Scripal is UTF-8 based, all internals use this encoding. Results are byte positions! not character positions, since they are quite useless for further processing in many programming languages. Results regions may be open!, that is only one side is a byte position, denotig every character from here [byte pos, nPos] or up to here [nPos, byte pos]. nPos represents the NULL position. Result positions are related to the position in the UTF-8 representation of the text.
If the character encoding is different, positions cost time to be calculated, they are set to NaN (not a number). Set config.positionType to POS_OFFSET for byte positions in the native encoding or POS_COUNT for character count (0...).

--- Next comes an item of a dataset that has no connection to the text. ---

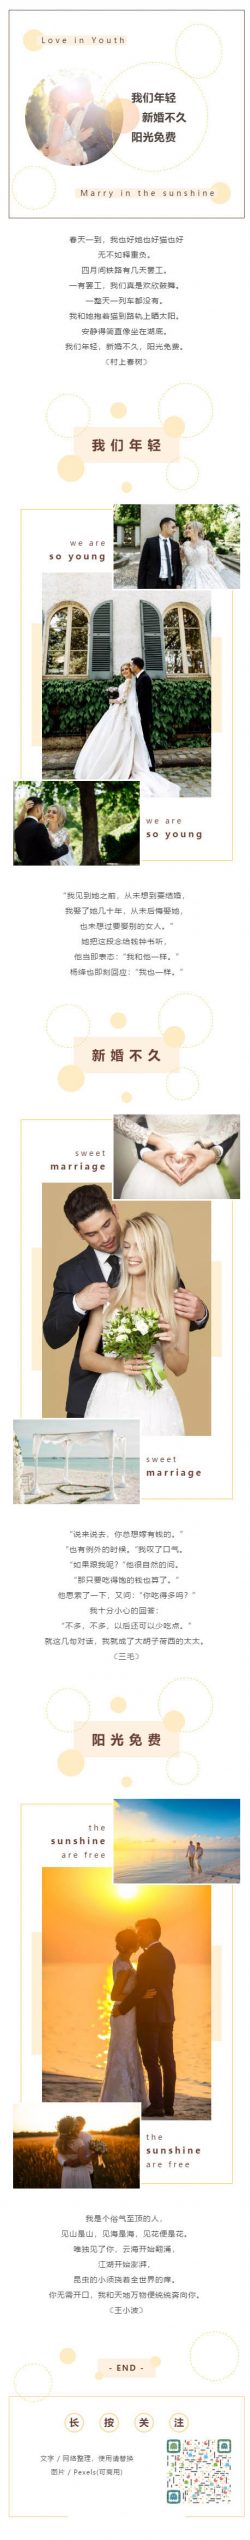 新婚婚纱婚礼微信图文模板推送推文素材

These last two settings produce extra proccesing time, use if positions are needed. nPos and is denoted as -1 in JSON results, NaN as -2. In other result types , the words are written out.

Example: position [2,7] means the result expands over bytes 2 up to 7, so 7 would by the last byte of the last code point of the result region.
Virtual positions are open ranges: For example: In case of operand 'bow' (begin of word), only the byte position is returned with an end, no region is involved: [8,nPos] would indicate, the word starts at byte position 8.
Results are held in arrays or may be obtained in JSON or CSV format.

templates

\<name = template> : denote template

Templates are used for repetitive expressions, like macros. By specifying the name of the template you use a certain code fragment several times. A change in the template causes a change in all instances.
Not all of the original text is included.